Playwrights have always seen comedic potential in the age-old tension between romantic desire and societal norms, and it is often referenced as evidenced by works such as A Midsummer Night’s Dream.
Romeo and Juliet Tragic
Shakespeare’s Romeo and Juliet is a memorable tragedy about young lovers, but their story does not end happily ever after. Romeo and Juliet’s love is ruined by the seething enmity between their families, the Montagues and the Capulets, in what is today one of the most performed dramas in history. Romeo murders Juliet’s cousin in a duel and Juliet fakes her own death the night before their secret wedding so that neither of their families will find out about it. Romeo, unaware of Juliet’s plot, goes to the cemetery to see if she has died and ends up killing himself when he is convinced she is no longer alive. After hearing the news that Romeo has died, Juliet takes her own life.
Shakespeare builds devastating dramatic tension in Romeo and Juliet by rapidly shifting the play’s tone from hopeful to hopeless and back again.
Dramatic Glossary
Drama is the representation of events, either real or imagined, in a dramatic form such as theater, film, radio, or television.

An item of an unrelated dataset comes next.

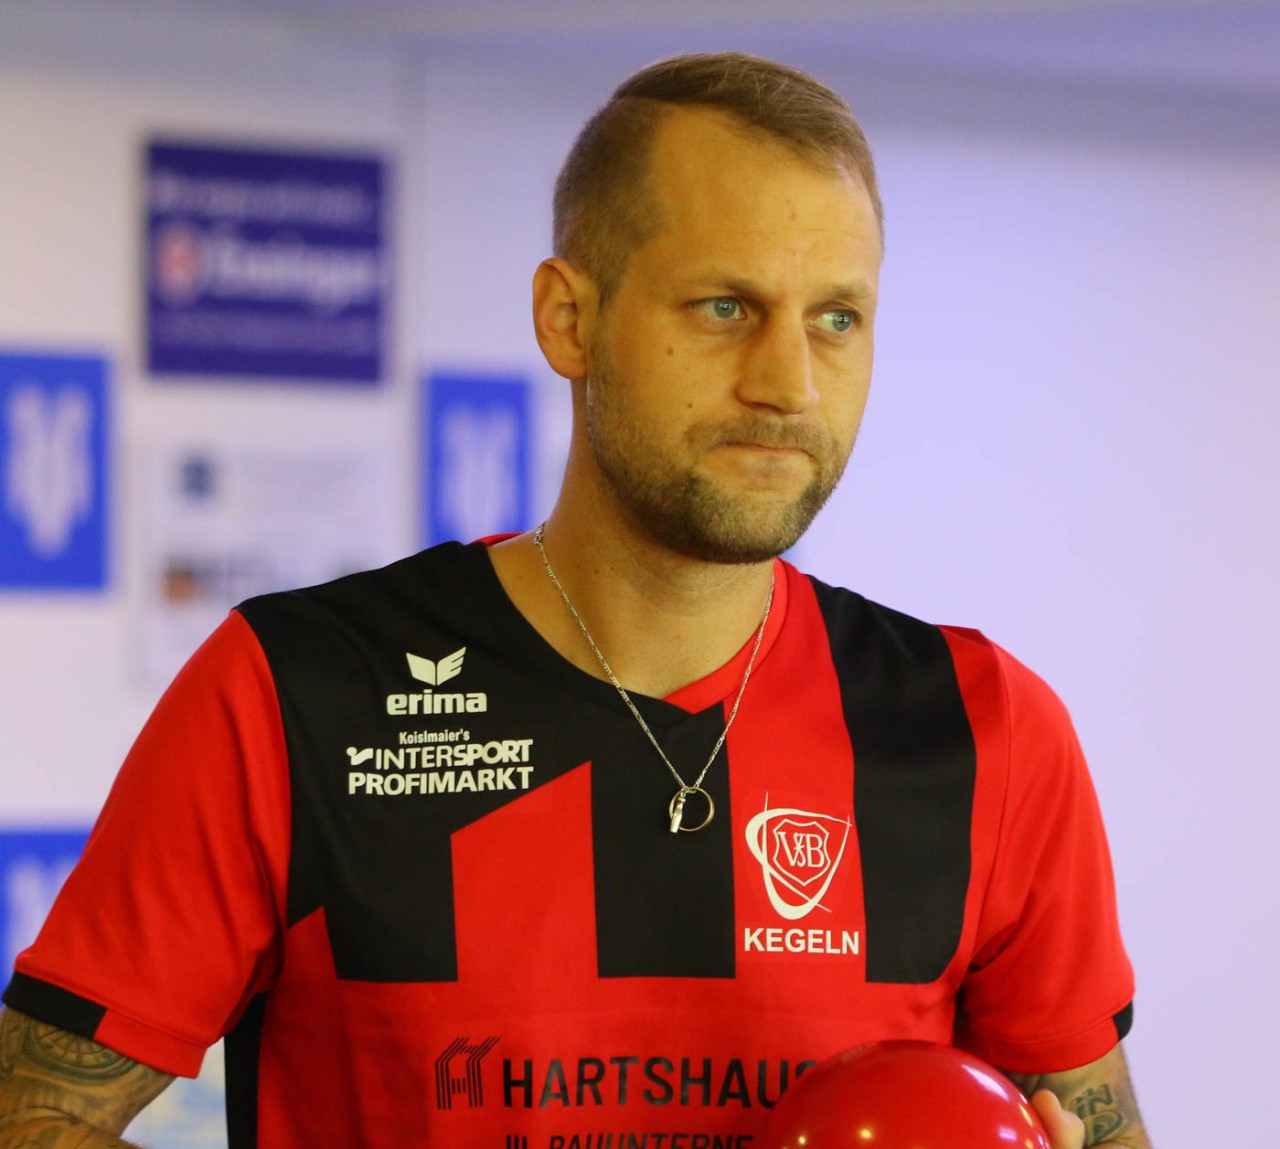 Kegeln: Hallbergmoos klettert dank Sieg in Unterharmersbach auf Rang 2 in der 2. Bundesliga

- Thalia, one of the two masks of play, is the Greek comedy muse.
- Melpomene is the Greek tragic muse, the other face of play.
- Dramatic tension is the most fundamental tool for evoking an audience’s response.
- Comedy is a type of drama that uses humor to keep the audience in good spirits until the last curtain call.
- Tragedy is the depiction of negative themes, such as death, tragedy, treachery, and human suffering.
- Farce is a form of overdone and over-acted comedy.
- “Melodrama” refers to stories in which stereotypical characters like heroes and villains are placed in dramatic, romantic, and often life-threatening situations.
- Opera is the masterful use of singing, acting, and dancing to convey epic tales of tragedy or humor.
- Docudrama is a dramatic presentation of documentary or non-fictional material.